Solution Method: To find the exact value of tangent, we use the formula
    \begin{equation*}
        \tan(\theta)=\frac{\sin{\theta}}{\cos{\theta}} 
    \end{equation*}
So we can find the exact value of tangent by finding the exact values of sine and cosine. Using right triangles, we know that every \((x,y)\) point on the unit circle is equivalent to \((\cos{\theta},\sin{\theta})\). (see previous video) So to find the exact value of tangent at a special angle, we take the x and y coordinates from the unit circle and divide them. 

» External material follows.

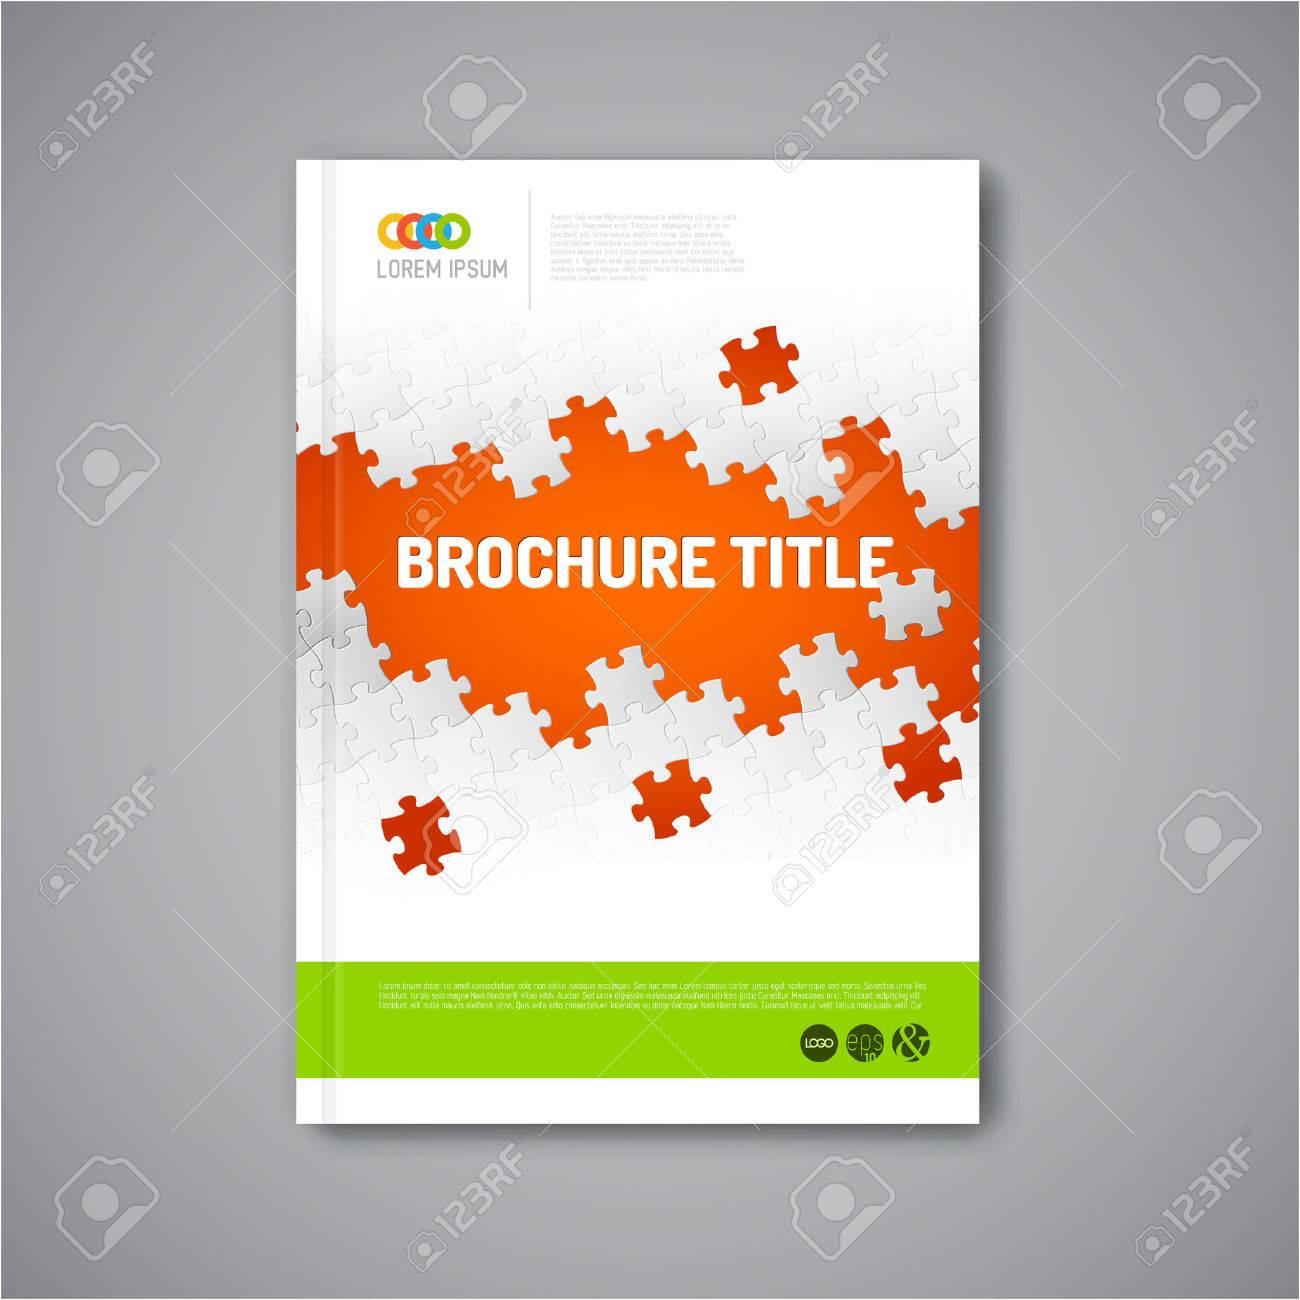 modern vector abstract brochure report or flyer design template

For \(\tan\left(\frac{3\pi}{4}\right),\) the coordinate at \(\frac{3\pi}{4}\) is \(\left(-\frac{\sqrt{2}}{2},\frac{\sqrt{2}}{2}\right).\) So, 
    \begin{equation*} 
        \tan(\frac{3\pi}{4})= \frac{y}{x} = \frac{\frac{\sqrt{2}}{2}}{-\frac{\sqrt{2}}{2}} = \left(\frac{\sqrt{2}}{2}\right) \left(-\frac{2}{\sqrt{2}}\right) = -1
    \end{equation*}

For \(\tan(210^\circ),\) the coordinate is \(\left(-\frac{\sqrt{3}}{2},-\frac{1}{2}\right)\). So,
    \begin{equation*}
        \tan(210^\circ)= \frac{y}{x} = \frac{-\frac{1}{2}}{-\frac{\sqrt{3}}{2}} = \left( \frac{1}{2} \right) \left( \frac{2}{\sqrt{3}} \right) = \frac{1}{\sqrt{3}} = \frac{\sqrt{3}}{3}
    \end{equation*}
We had to rationalize the fraction to get our final answer.

For \(\tan(\pi),\) \(\pi\) is a quadrantal angle located at (-1,0). So, 
    \begin{equation*}
        \tan(\pi) = \frac{y}{x} = \frac{0}{1} = 0
    \end{equation*}

Beware of Quadrantals: At the quadrantal angles \(\frac{\pi}{2}\) and \(\frac{3\pi}{2}\), the x-coordinate is 0, meaning in the tangent ratio, we are dividing by 0. Dividing by 0 means the fraction is undefined! So \(\tan\left(\frac{\pi}{2}\right)\) and \(\tan\left(\frac{3\pi}{2}\right)\) are undefined.